Specifically, the permanent magnet 20 is provided with a working groove 200, an opening of the working groove 200 is arranged towards the tappet 51, the buffer assembly 50 further comprises a spring upper seat 52, a main spring 53 and a spring lower seat 54, the spring upper seat 52 is arranged at the bottom of the working groove 200, and the spring upper seat 52 is fixedly connected with the permanent magnet 20; a first end of the main spring 53 is connected with the upper spring seat 52, and the main spring 53 is arranged in an extending manner along the depth direction of the working groove 200; the second end of the main spring 53 is connected with a lower spring seat 54, the lower spring seat 54 is provided with a limiting space, and at least part of the tappet 51 extends into the limiting space; the tappet 51 and the undershot 54 are movable relative to each other to position the tappet 51 in the second blocking position and the second retracted position.

In this embodiment, at least part of the tappet 51 extends into the spacing space, both ends of the tappet 51 are tapered structures, wherein the tapered portion at one end of the tappet 51 extends into the spacing space and is connected to the undershot 54, when the tappet 51 moves in the first preset direction (the horizontal left direction in fig. 1), the tappet 51 may be separated from the undershot 54, the tapered portion at the other end of the tappet 51 extends to the second pressure regulating oil duct 401, and when the tappet 51 moves in the second preset direction (the horizontal right direction in fig. 1), the tappet 51 may be separated from the second pressure regulating oil duct 401 to open the second pressure regulating oil duct 401.

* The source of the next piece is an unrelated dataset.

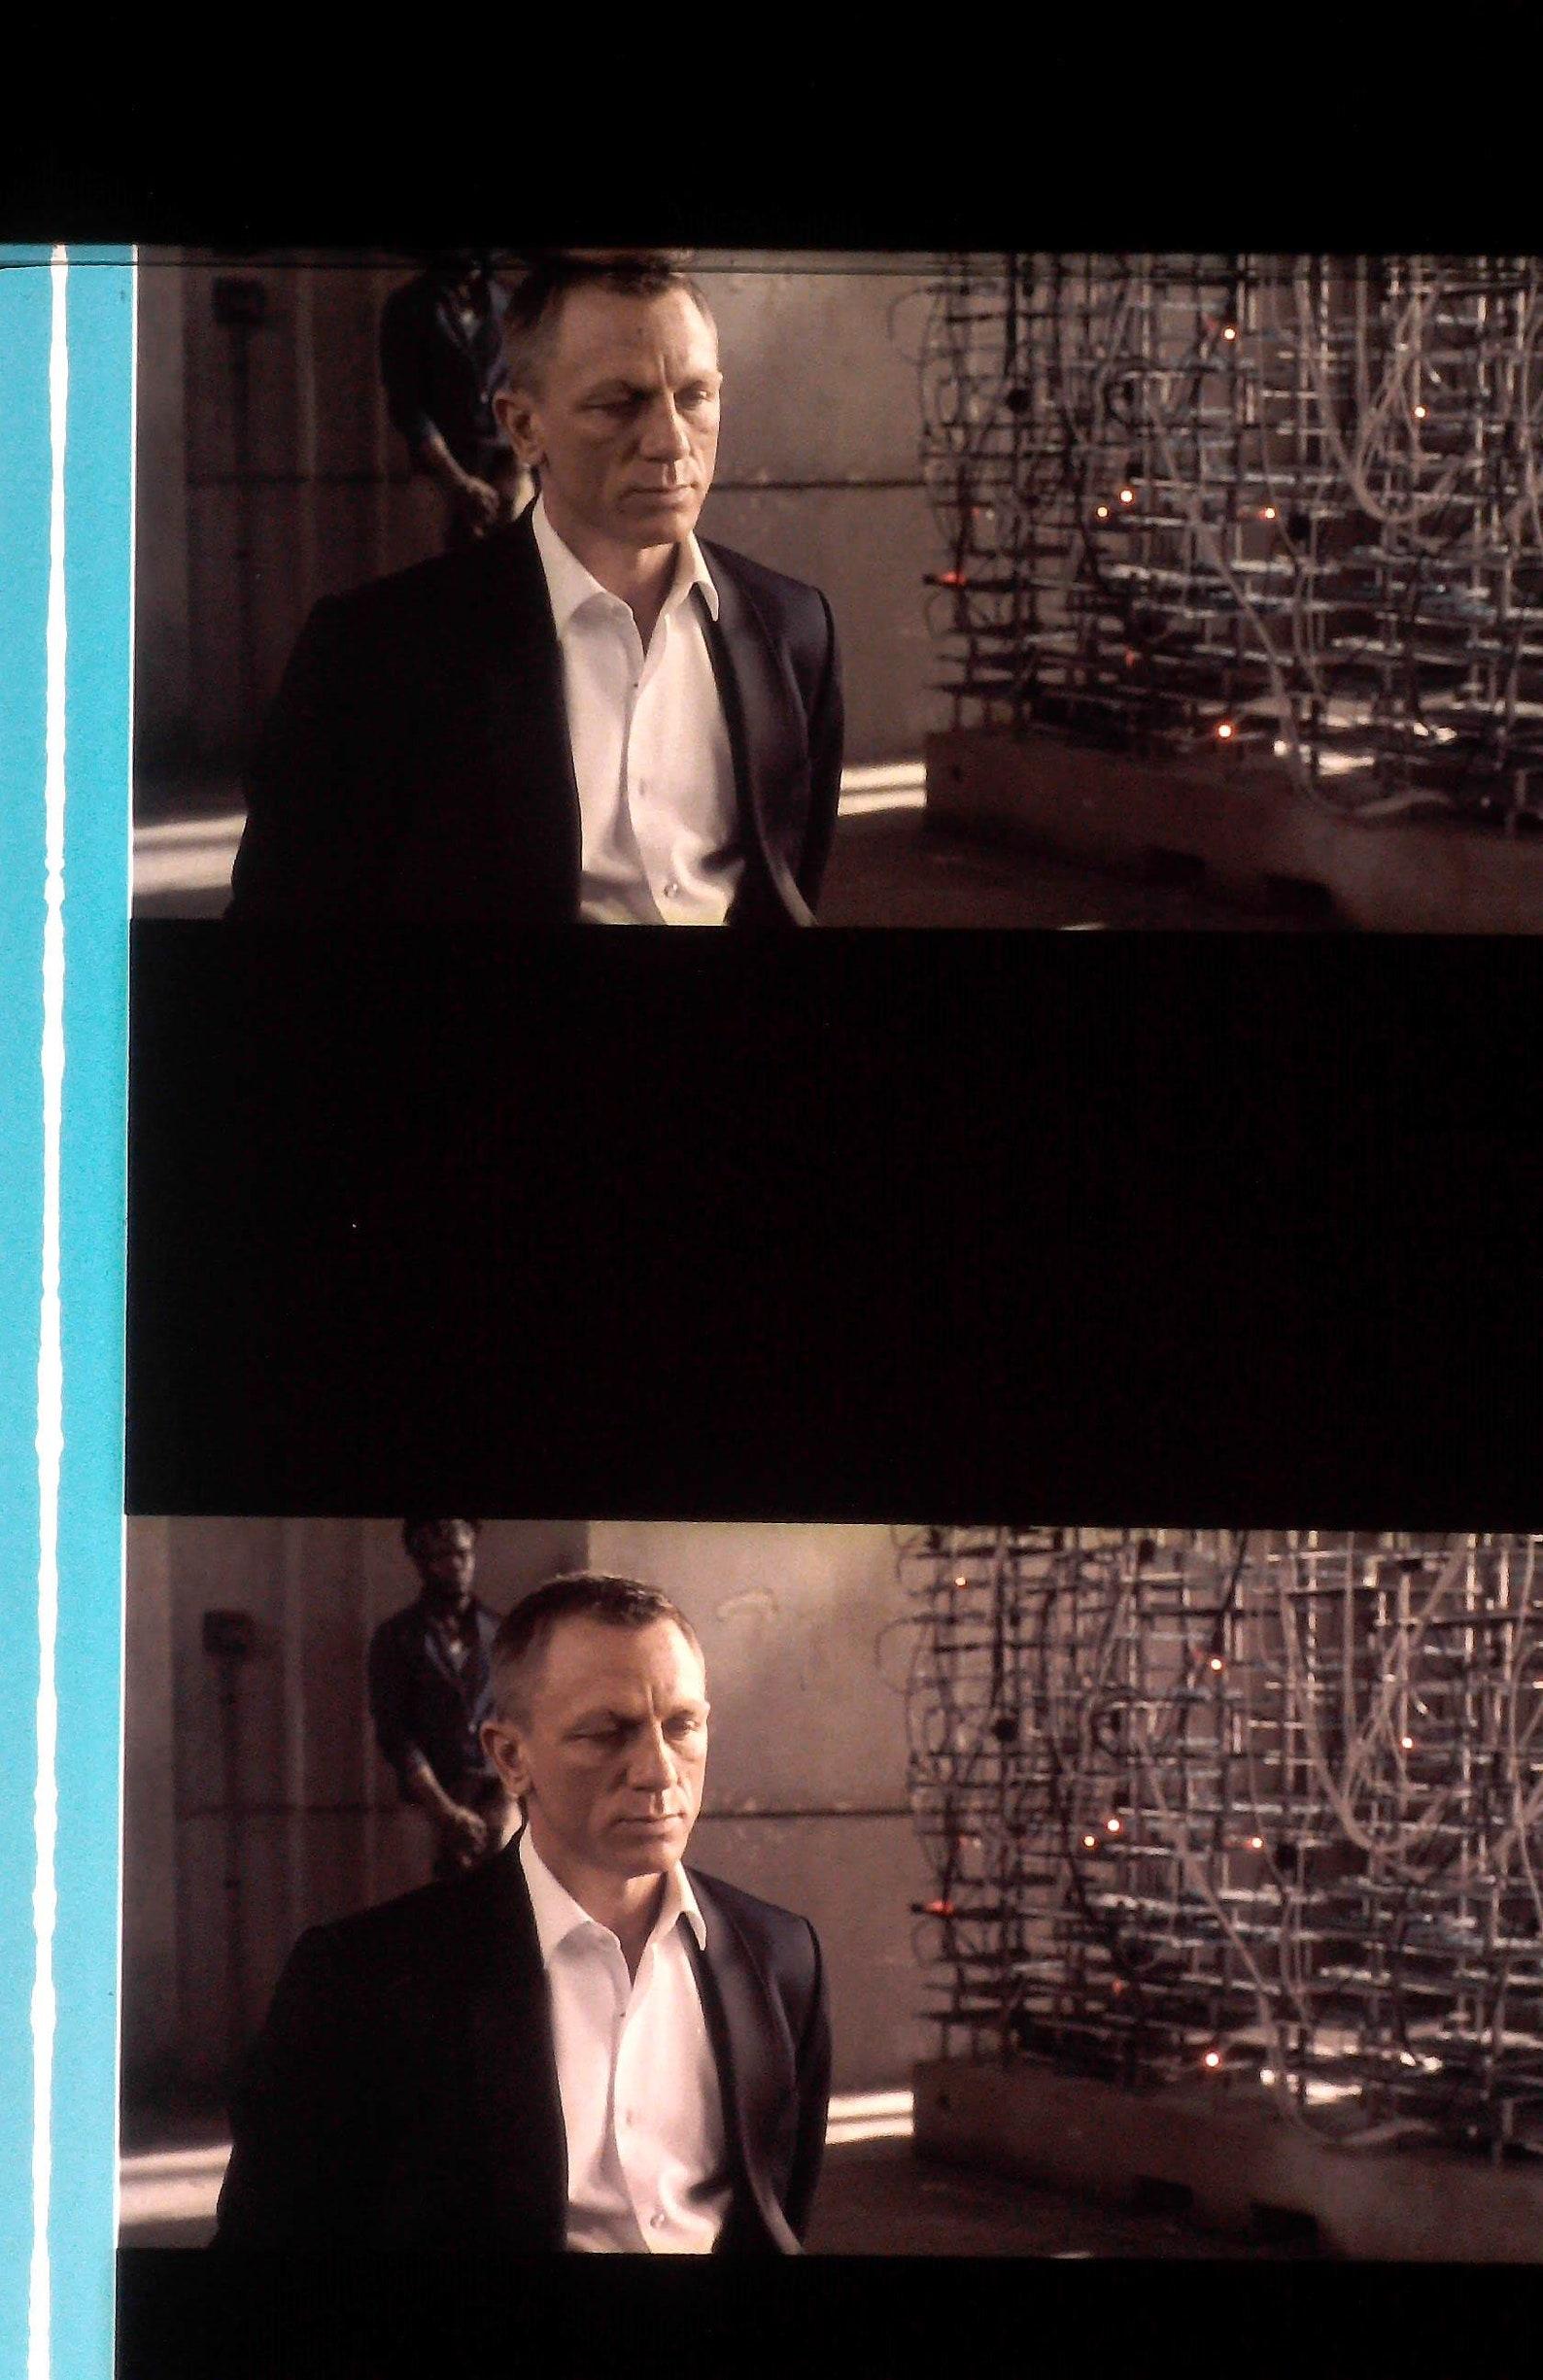 Skyfall (James Bond 007) - Free Online Movies & TV Shows

Further, the outer peripheral surface of the permanent magnet 20 is provided with a coil moving guide rail 21, the coil moving guide rail 21 extends along the axial direction of the permanent magnet 20, the valve body assembly 40 comprises two coil frameworks 41, the two coil frameworks 41 are symmetrically arranged about the axial center line of the permanent magnet 20, the coil frameworks 41 are wound with coils 31, the winding direction of the coils 31 is the axial direction of the permanent magnet 20, and the coils 31 are correspondingly arranged with the coil moving guide rail 21.

In this embodiment, the coil 31 is disposed corresponding to the coil moving rail 21, so that the coil 31 drives the valve body assembly 40 to move along a predetermined track. By changing the direction of the current flowing through the coil 31, the movement direction of the coil 31 can be adjusted, for example, when a positive current is flowing, the coil 31 moves in a first preset direction (horizontal left direction in fig. 1), and when a negative current is flowing, the coil 31 moves in a second preset direction (horizontal right direction in fig. 1). The coil moving guide 21 is made of a magnetism isolating material.

Preferably, the permanent magnet 20 is provided with a plurality of oil passages, a first end of each oil passage is communicated with the outside, a second end of at least one oil passage extends into the working groove 200, and a second end of at least one oil passage is communicated with the coil motion guide rail 21. The plurality of oil passages can be beneficial to realizing hydraulic balance inside the shock absorber.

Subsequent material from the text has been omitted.